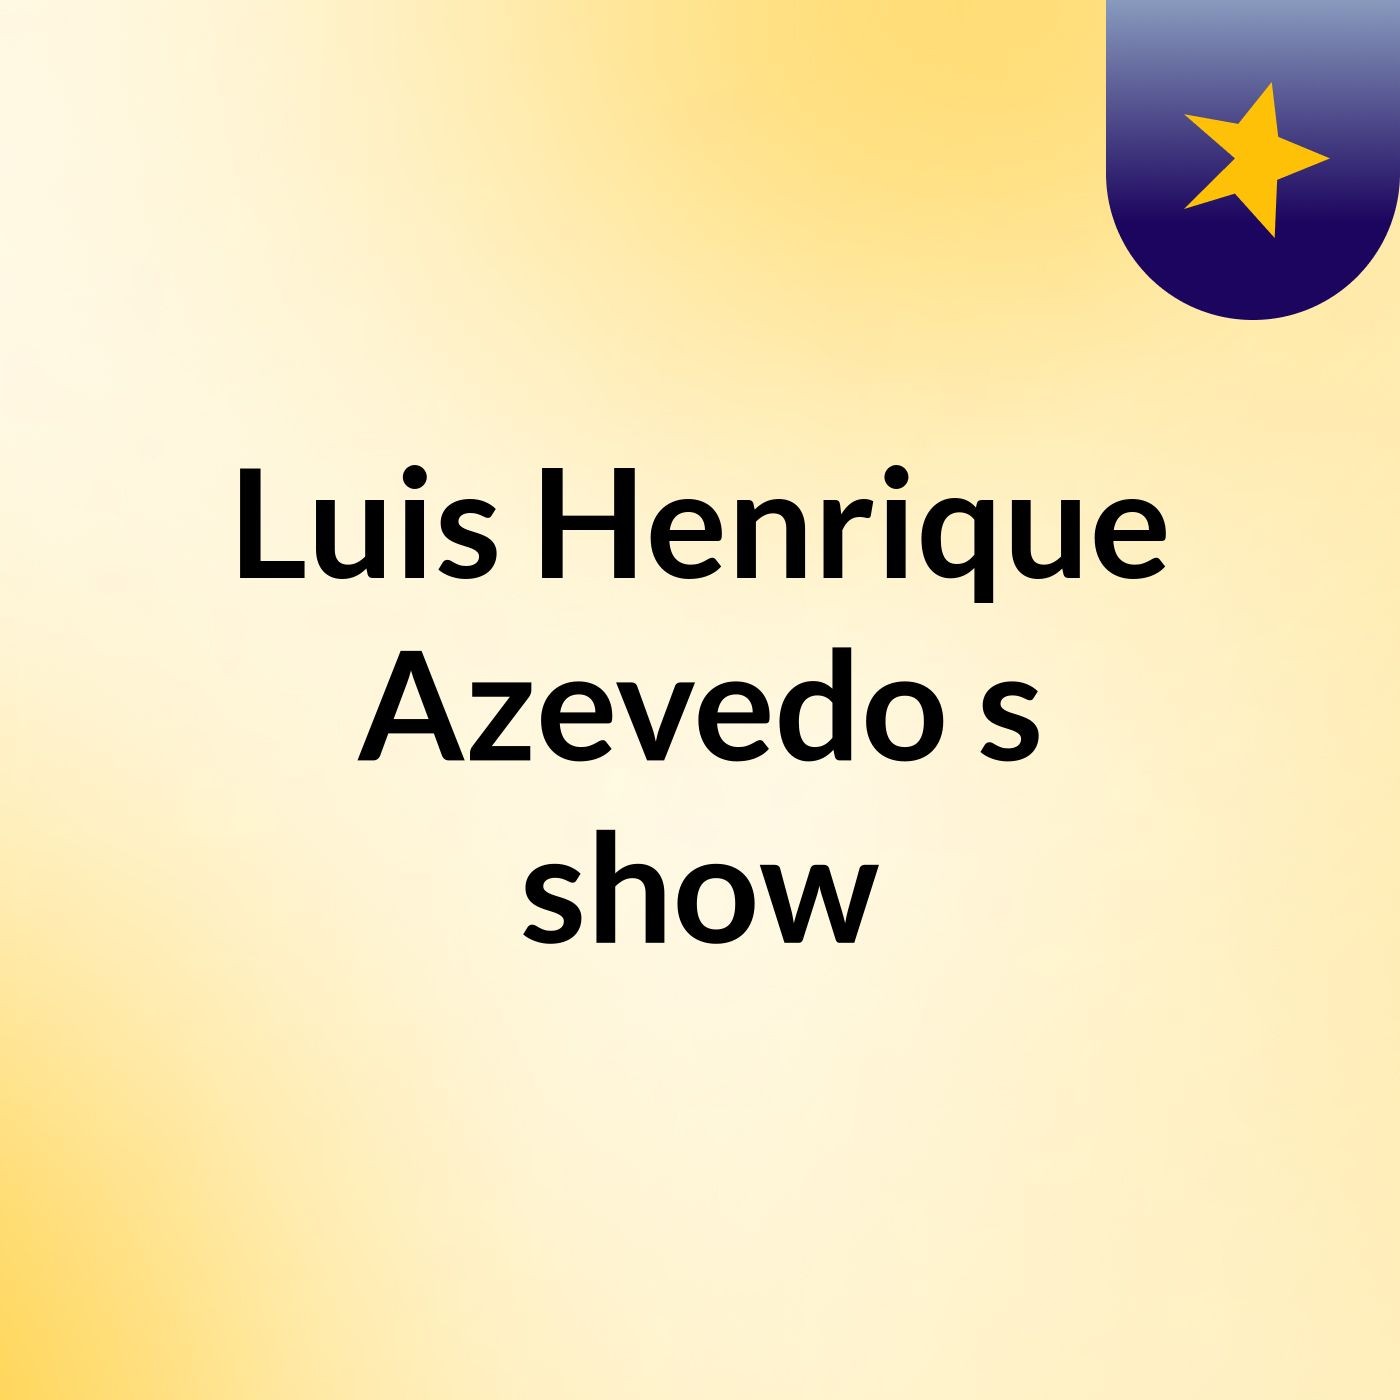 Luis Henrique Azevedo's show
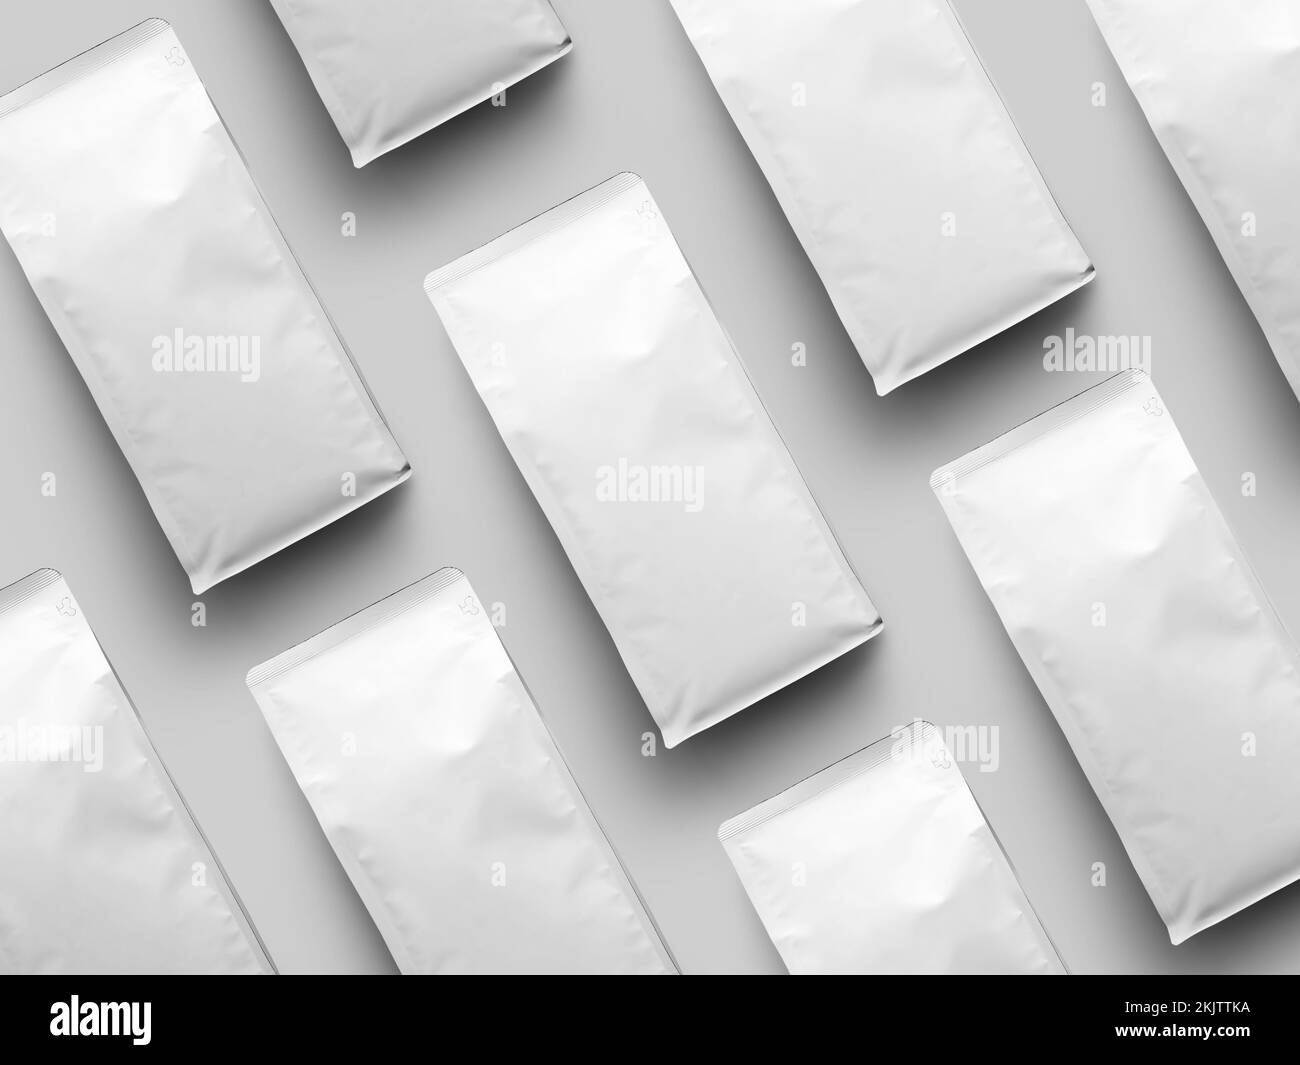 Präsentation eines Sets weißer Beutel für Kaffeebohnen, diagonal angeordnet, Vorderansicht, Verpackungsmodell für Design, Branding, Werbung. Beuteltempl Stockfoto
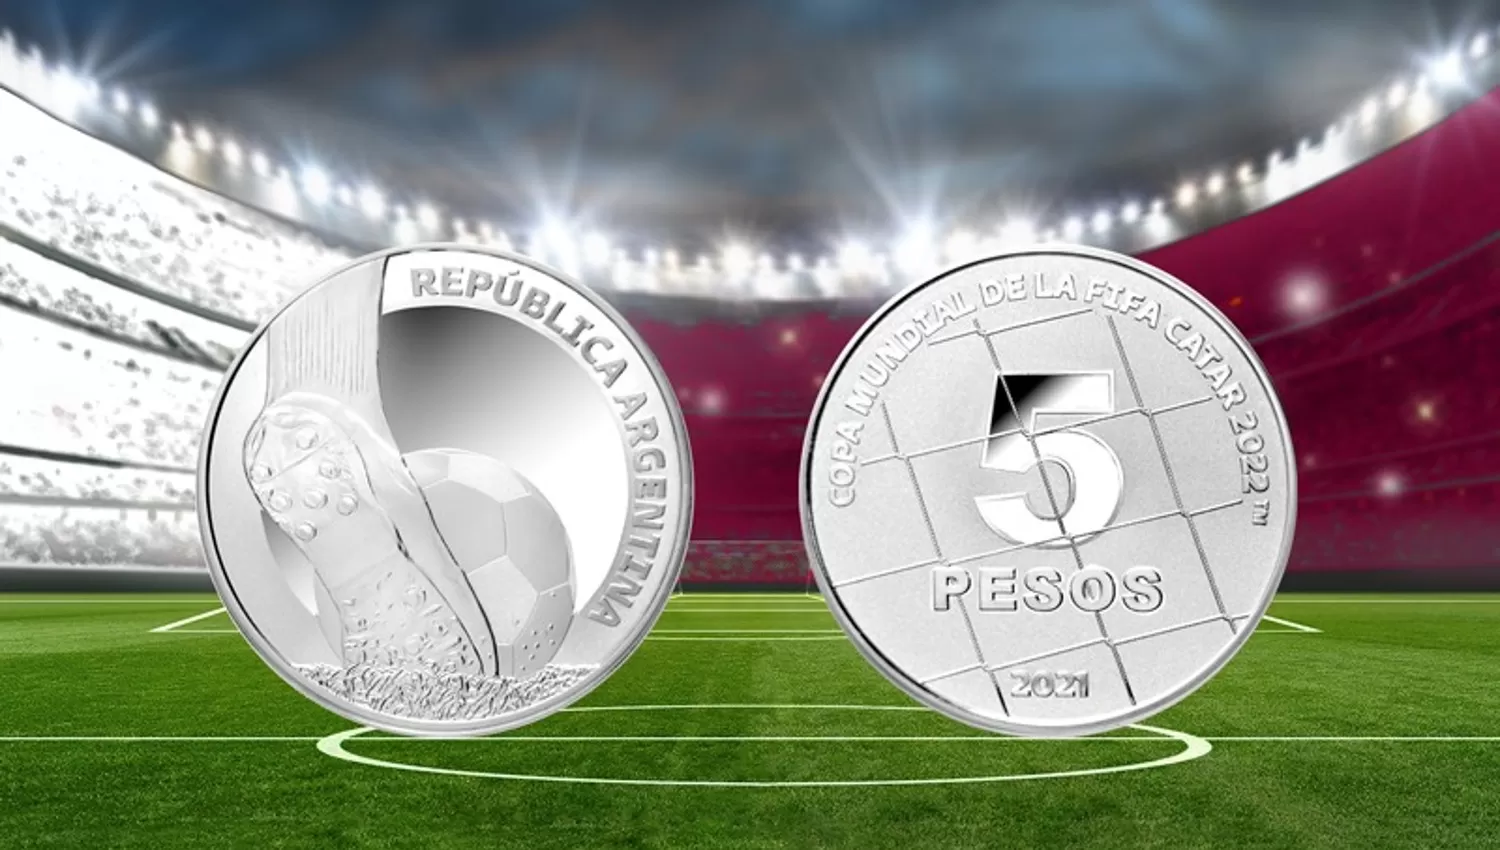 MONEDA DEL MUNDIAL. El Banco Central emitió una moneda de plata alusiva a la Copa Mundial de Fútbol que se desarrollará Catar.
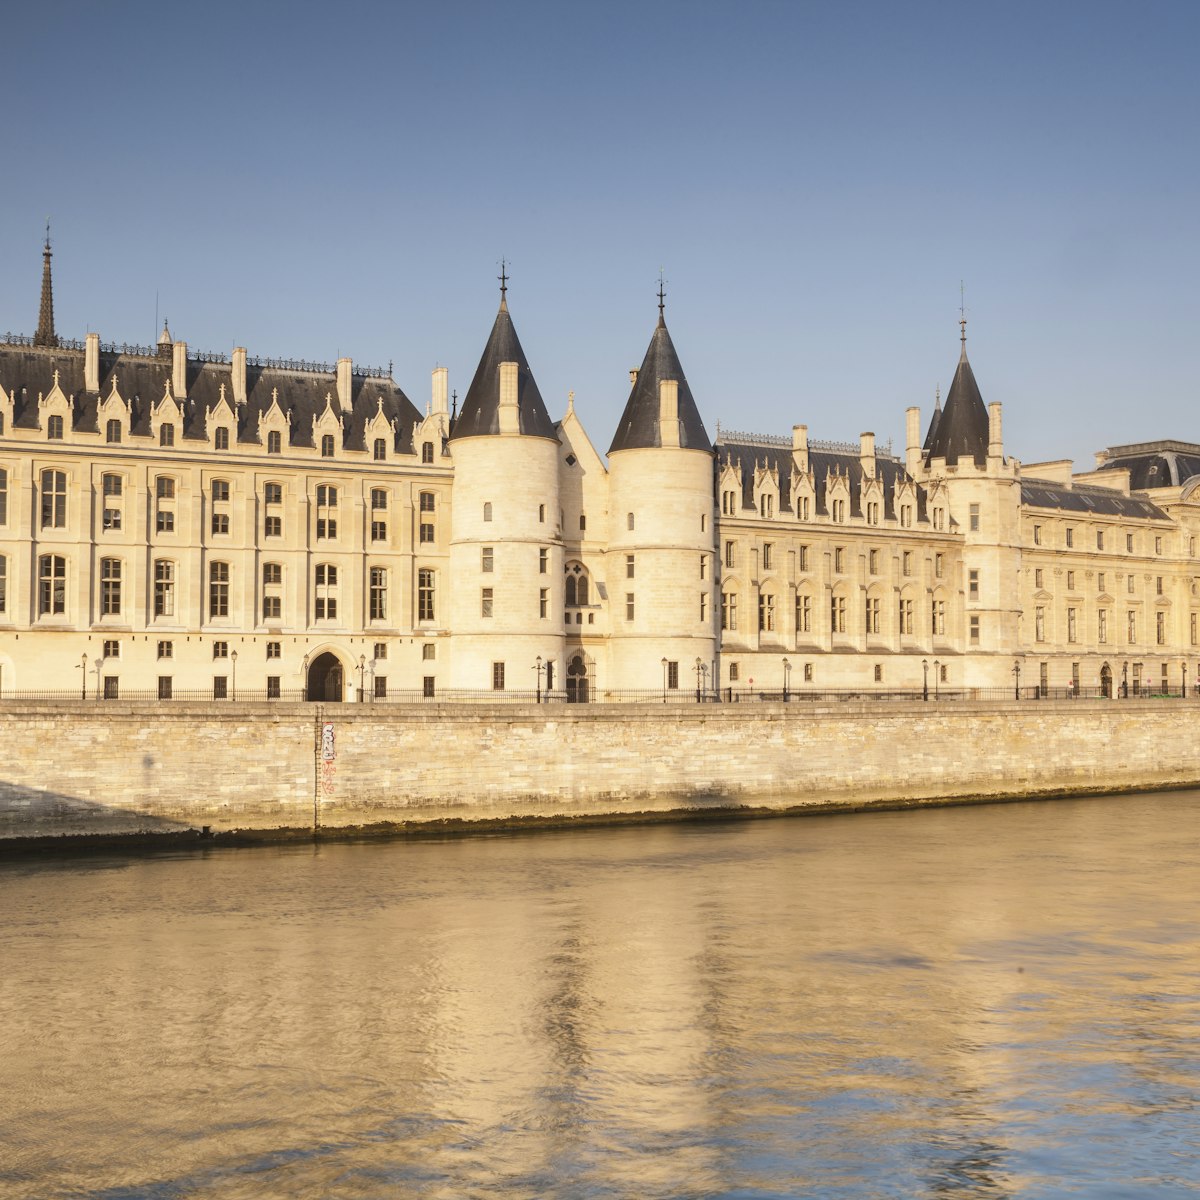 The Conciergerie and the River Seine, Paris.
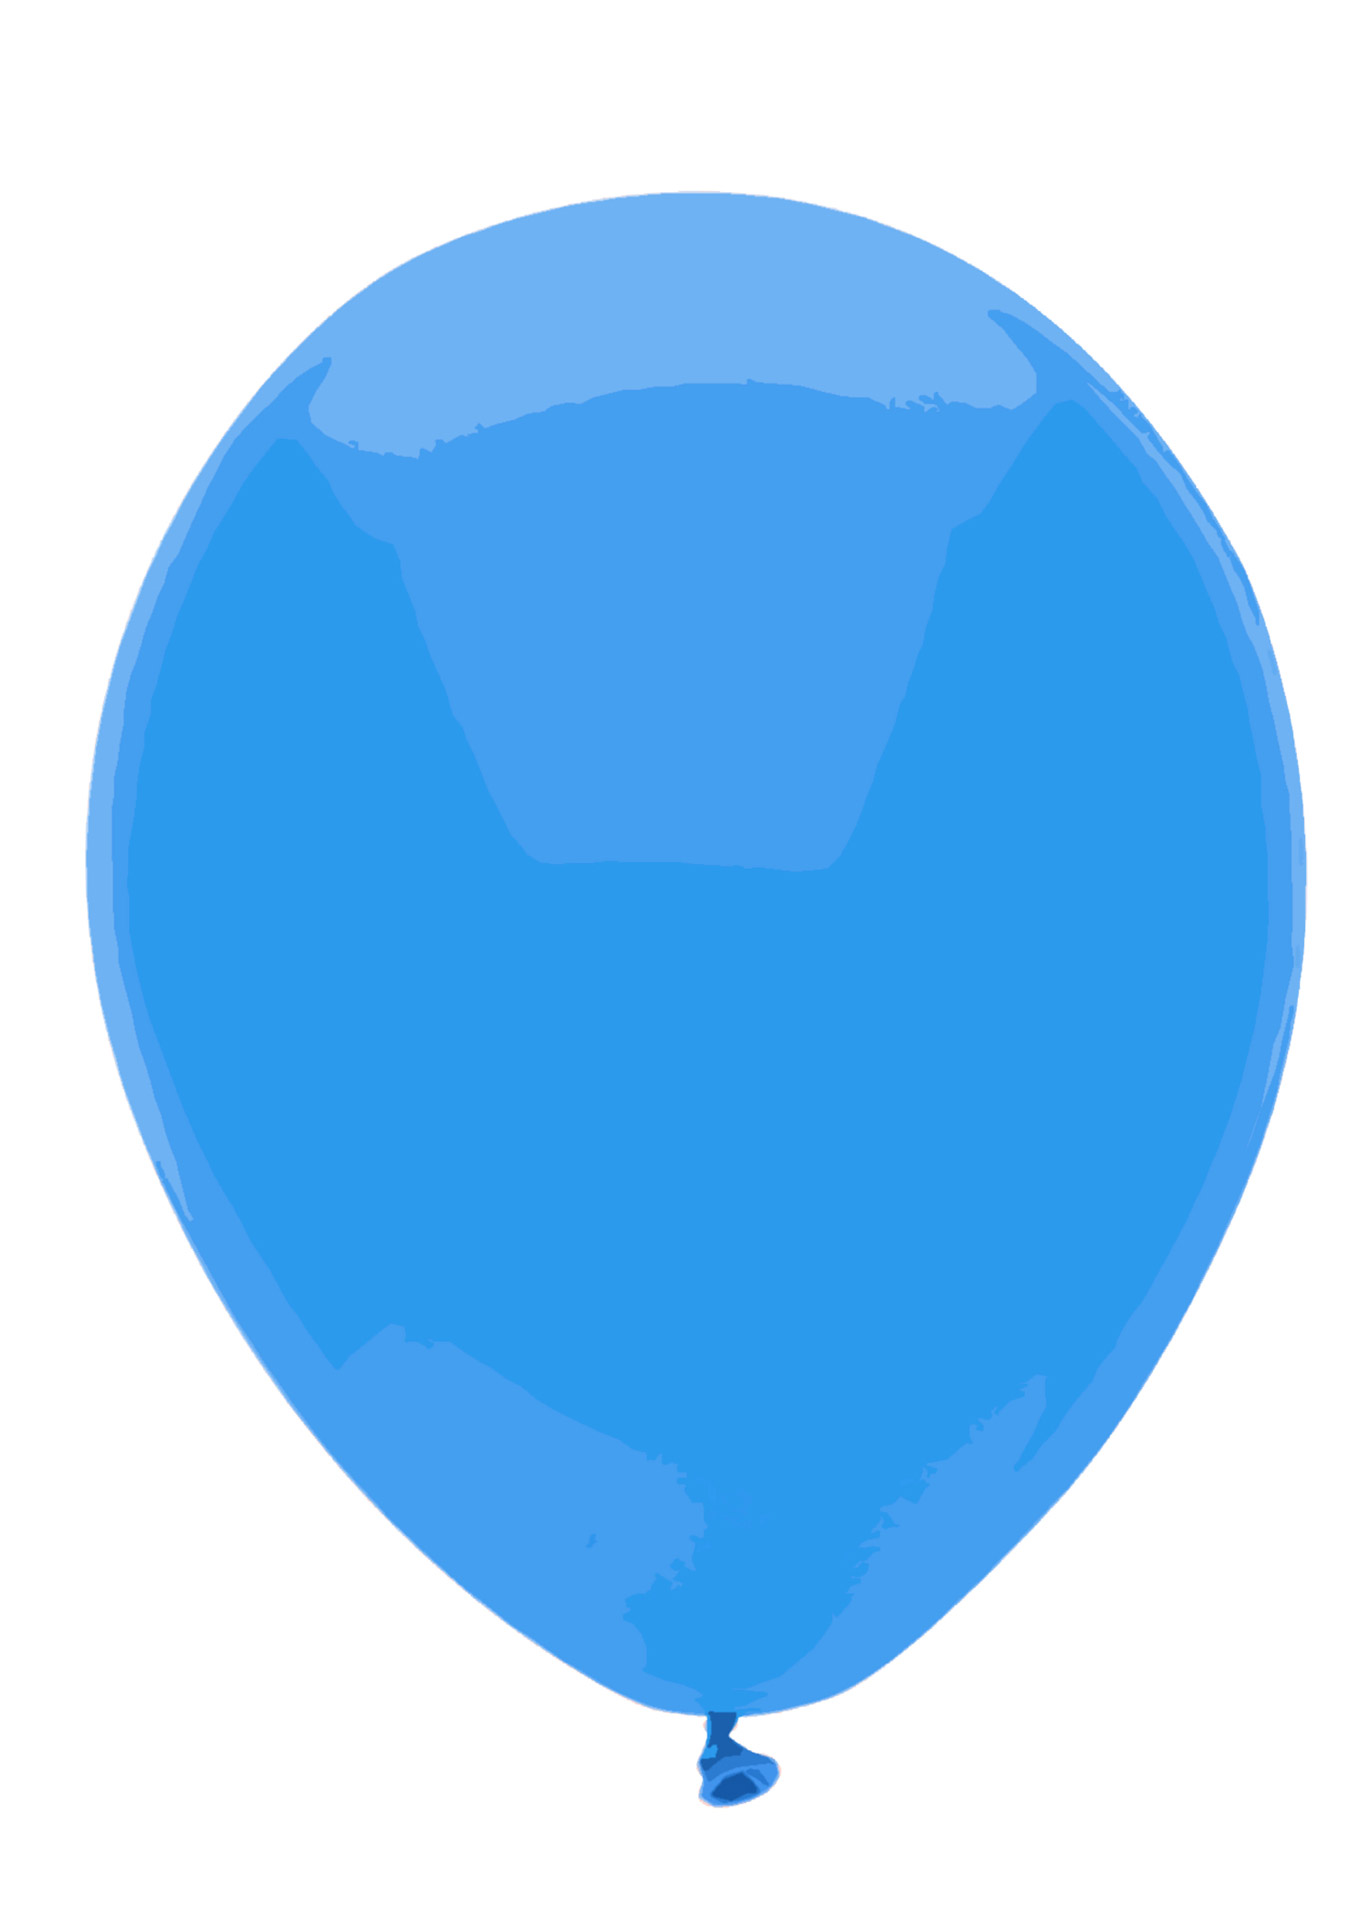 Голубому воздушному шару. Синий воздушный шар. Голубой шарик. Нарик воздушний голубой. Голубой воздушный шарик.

═══

**Your objective:** Return only the lines from the one containing "The Conciergerie and the River Seine, Paris." through the last line of the entries above, exactly as written and without pictures.

**Written answer:**
 The Conciergerie and the River Seine, Paris.
 Голубому воздушному шару. Синий воздушный шар. Голубой шарик. Нарик воздушний голубой. Голубой воздушный шарик.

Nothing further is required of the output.